Add another issue to the list of Obama administration reversals from Bush policy: human rights. As part of Obama's "new era of engagement," the U.S. will seek a seat on the United Nations Human Rights Council next month. But will U.S. membership make a difference?
That the Human Rights Council has mostly failed to achieve its stated goals is no secret. At its most recent session, the council voted to end its investigation of the Democratic Republic of Congo and passed a resolution against the "defamation of religions," which was a not-so-subtle censorship of religious freedom. Meanwhile, the body has yet to denounce Khartoum for its hand in the violence in Darfur.
The hope of some observers, however, is that the U.S. will be able to pull the listing body back toward the straight and narrow, to make it more effective and sincere.
"Active involvement by the U.S. will bring new energy and focus to the Human Rights Council's deliberations and actions, helping it become a more credible force for human rights promotion," said Kenneth Roth, executive director of Human Rights Watch.
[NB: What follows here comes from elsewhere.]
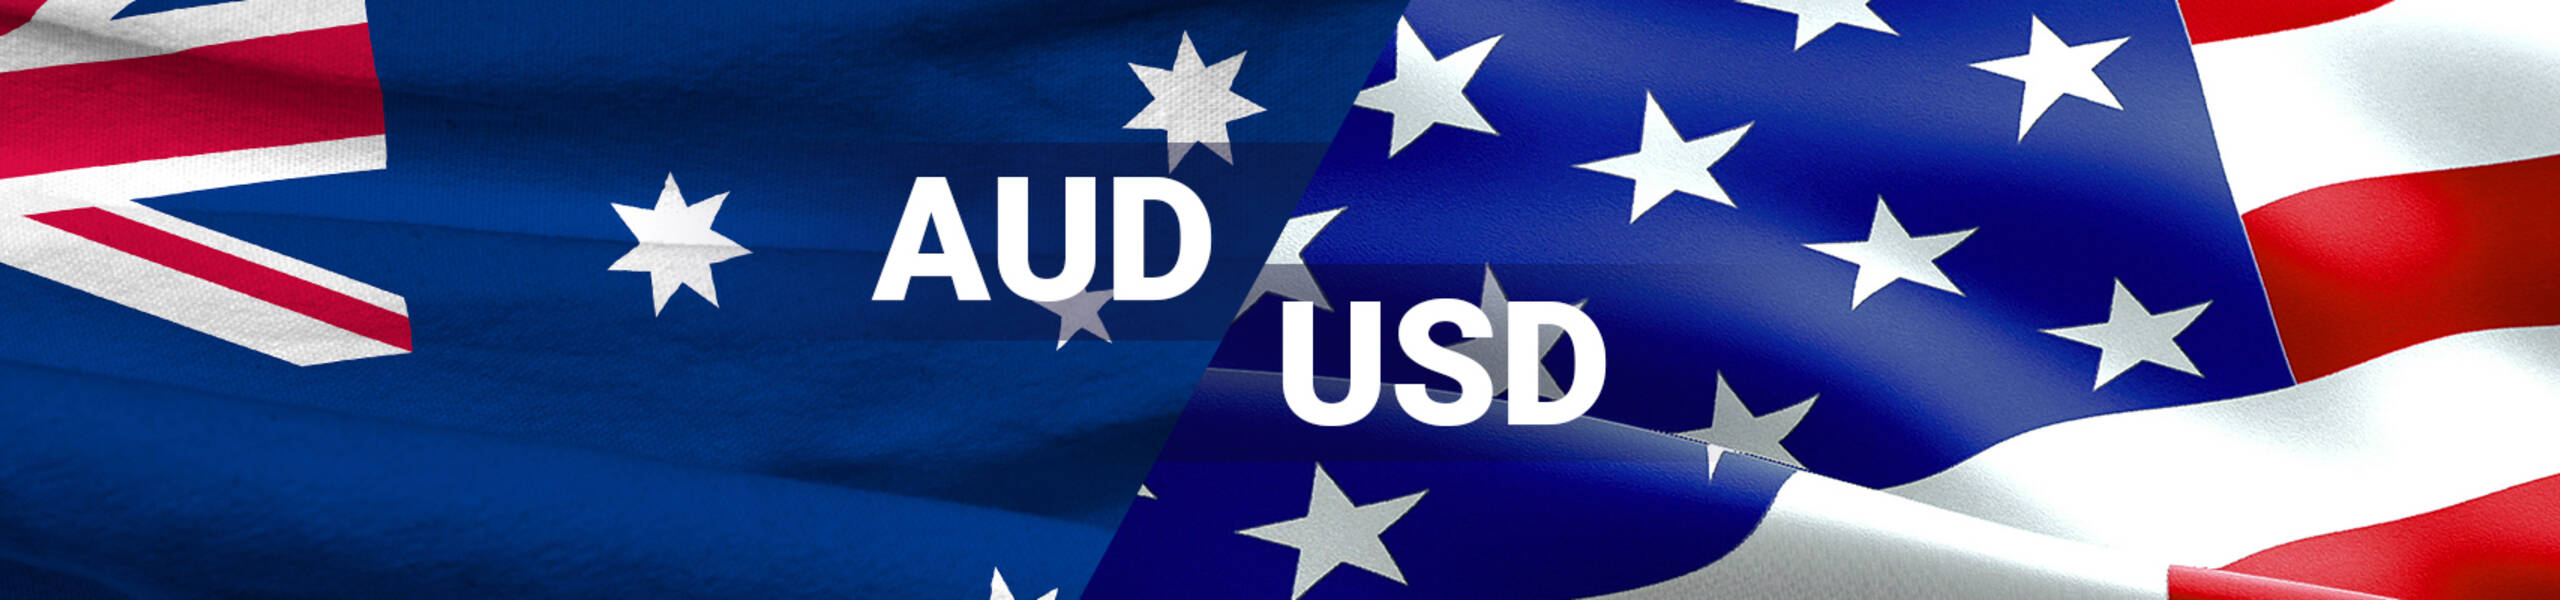 AUD/USD: bulls breaking out Cloud’s resistance

Along with Susan Rice's recent hints that the U.S. may attend the U.N.'s Durban II conference on racism later this month, the American turnaround is welcome.
"We are much better placed to be fighting for the principles we believe in – protection of human rights universally, fighting against the anti-Israel crap and for meaningful action on issues that we care about and ought to be the top of the agenda, things like Zimbabwe, Sudan [and] Burma – by leading and lending our voice from within," Rice said in a recent interview.
Still, the decision is a gamble. If Rice calls for reform and is able to alter the council's anti-Western bias, the move will be warranted. If her efforts fail, the U.S. may be seen as rubber-stamping the rights body's consistently ridiculous pronouncements, which would likely take some of the wind out of Obama administration efforts to redeem America's international stature.